Section IV - Imaging Results

The intensity profiles for the electrochromic iris were derived from images taken for Figure 1 at time 0, for Figure 2 at about 1 second, for Figure 3 at about 4 seconds, for Figure 4 at about 18 seconds, and for Figure 5 at about 110 seconds. Figure 6 shows the curve fitting of a Gaussian curve onto the green response curve line of Figure 5 after 110 seconds. Figure 7 represents the profile with no aperture in place. Figure 8 represents the Comparative Example of a fixed 300 micron aperture. The analyzed images of the iris were collected via the SmartView 1.10 software (with auto white balance applied before data acquisition and then white balance was fixed) and displayed in Igor Pro. The intensity profiles of the figures show the red, green and blue (solid curve, large dashes and small dashes, respectively) curves that were derived from the vertical rows of data on the images.

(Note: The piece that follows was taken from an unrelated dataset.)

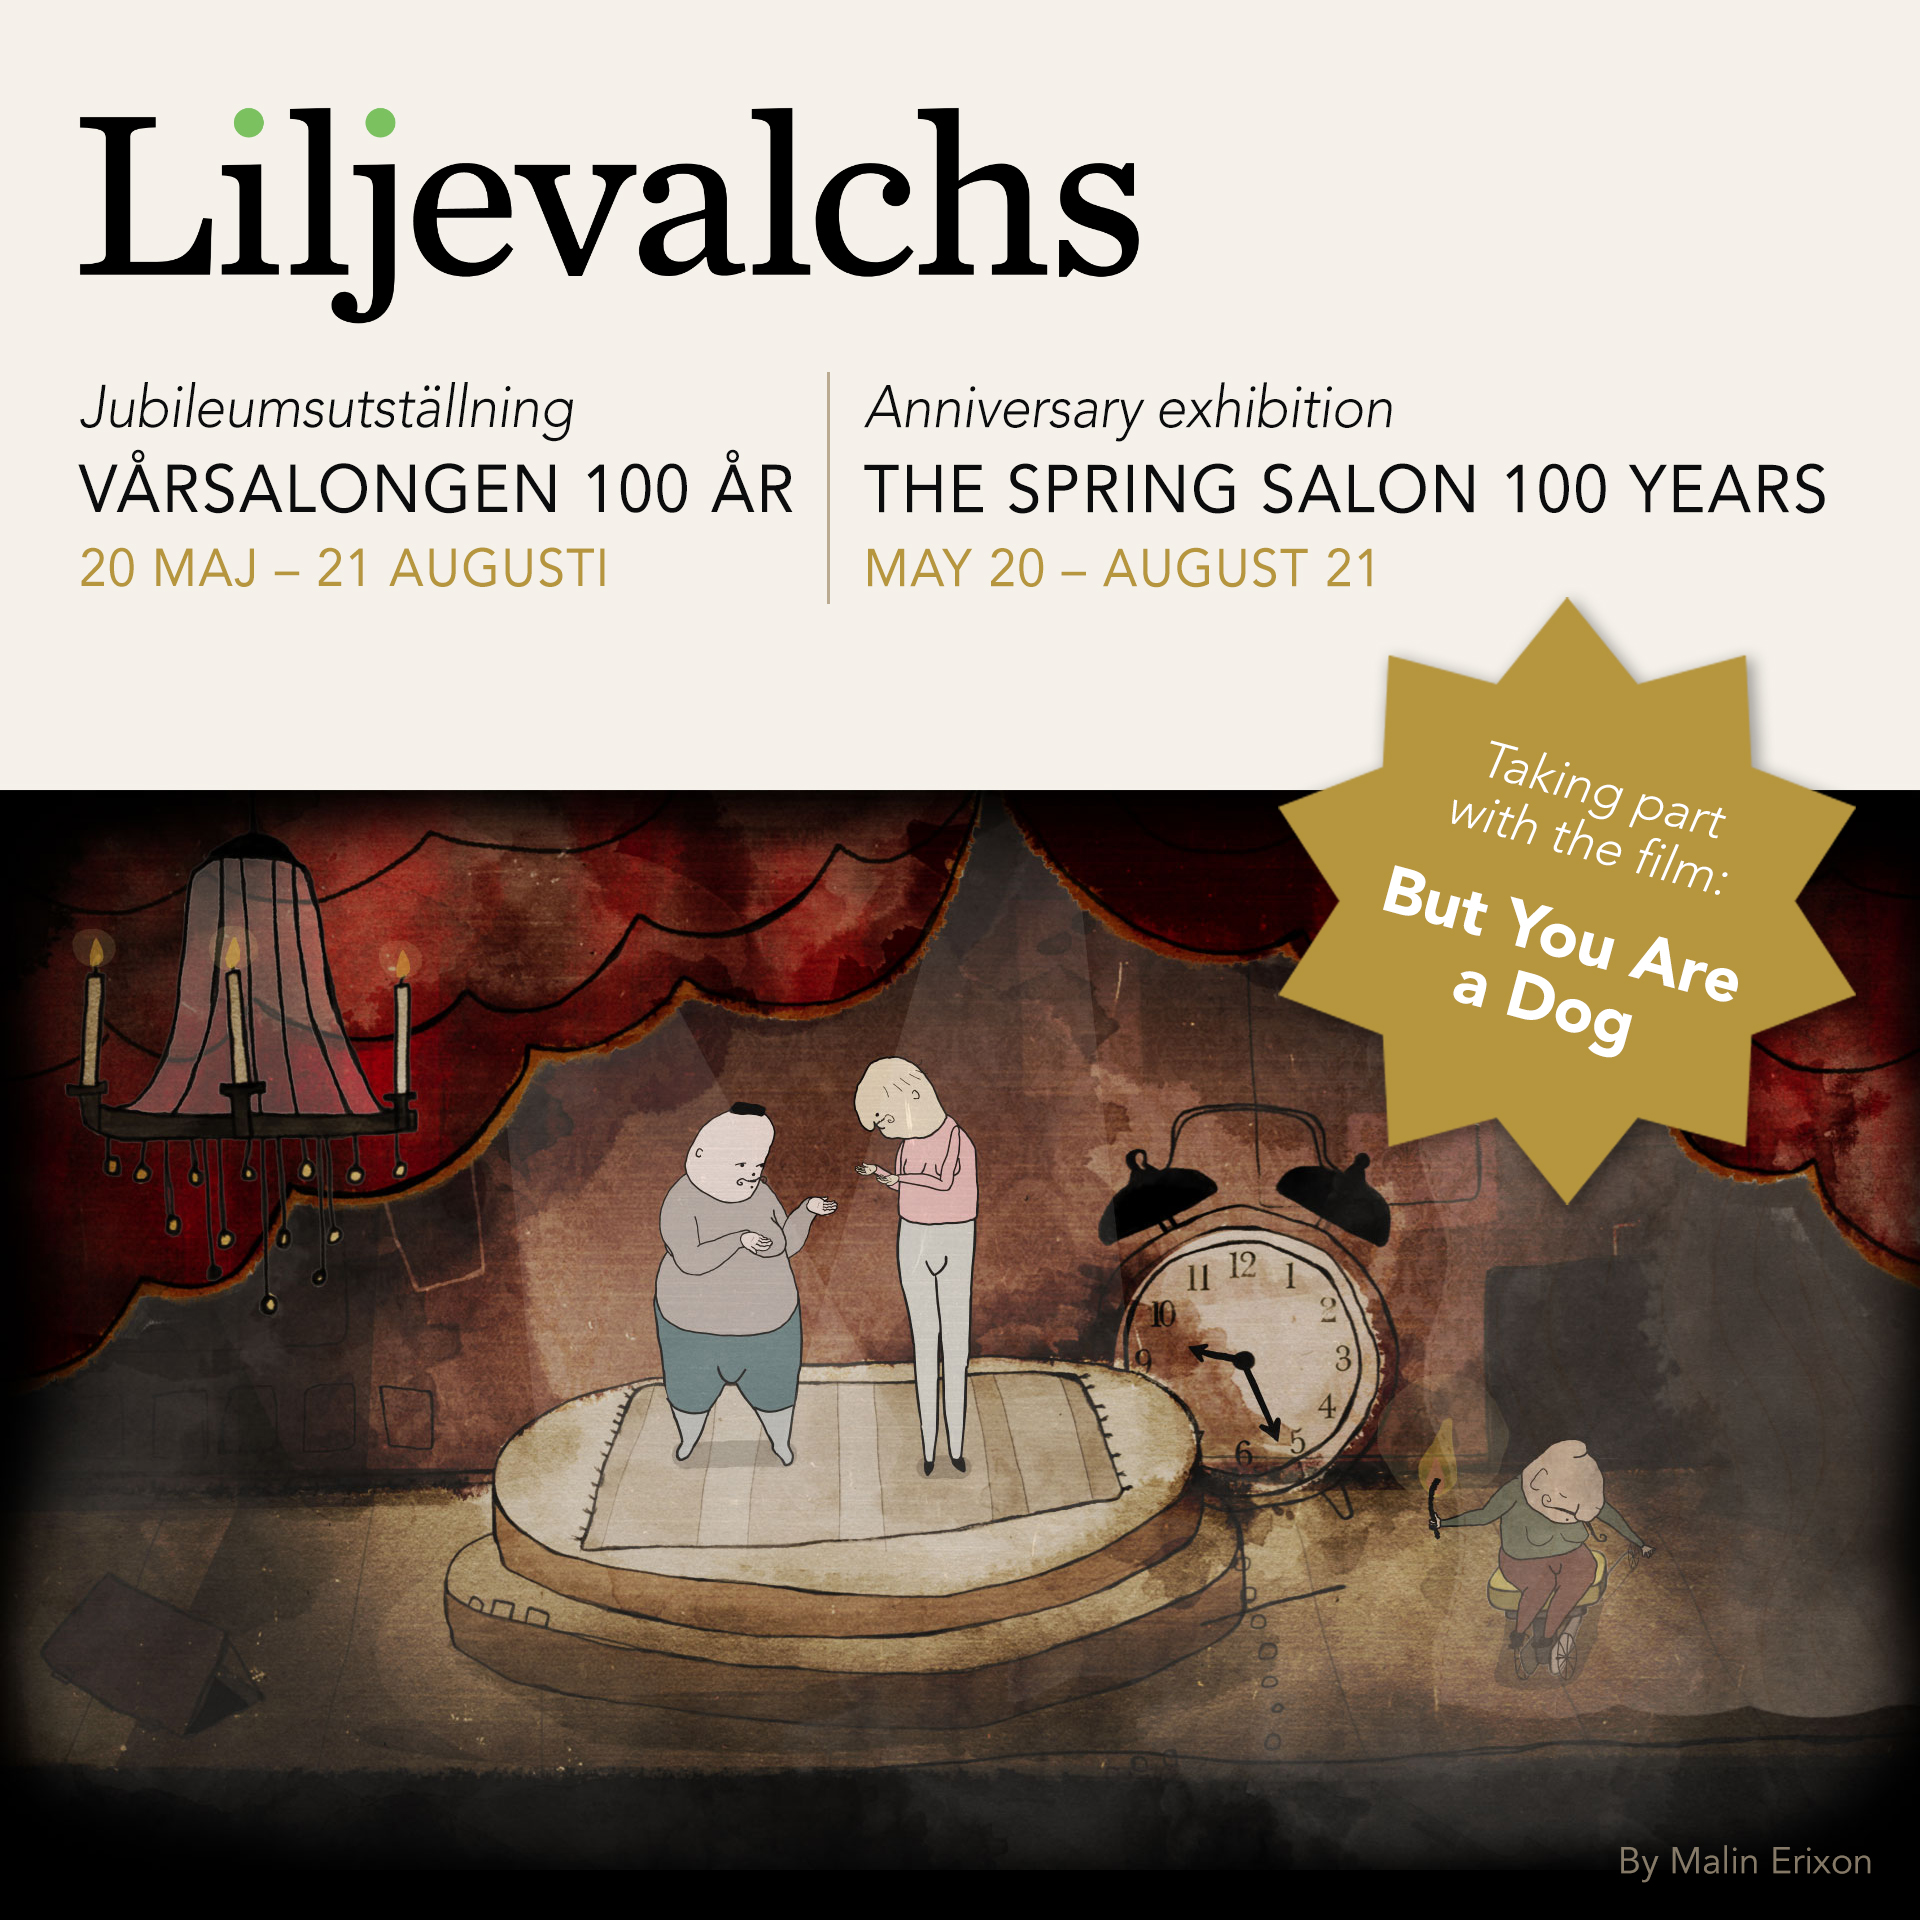 Liljevalchs Spring Salon 100 years

The profiles of Figures 1-6 demonstrate the function of an electrochromic apodized iris. When the voltage is off, the iris is full open in Figure 1. When 1.2 V are applied, the electrochromic iris activates forming an apodized aperture as demonstrated after about 1 second in Figure 2, after about 4 seconds in Figure 3, after about 18 seconds in Figure 4 and after about 110 seconds in Figure 5. Figure 6 demonstrates how closely the green response (dashed curve) of Figure 5 closely represents a Gaussian distribution (solid curve), which is useful for apodization. The Gaussian width parameter obtained using Igor Pro's built in Gaussian fit routines (with the resulting width parameter equal to Sqrt(2)*standard error) was converted to a more traditional beam waist calculation for Gaussian beams [2* standard error] by dividing the Igor Pro width parameter by Sqrt(2) and multiplying that result by 2, The Gaussian width (beam waist) of the apodized aperture was about 316 microns. The Comparative Example "fixed aperture" profile (width about 300 microns +/- 10 microns) is shown in Figure 8 and applied Gaussian curve fitting to the profile in Figure 9. The profile in Figure 9 clearly demonstrates the difference between an apodized aperture (solid curve) and a fixed aperture (dashed curve). Figure 7 demonstrates a profile with no aperture present.

Whereas particular embodiments of this invention have been described above for purposes of illustration, it will be evident to those skilled in the art that numerous variations of the details of the present invention may be made without departing from the invention as defined in the appended claims.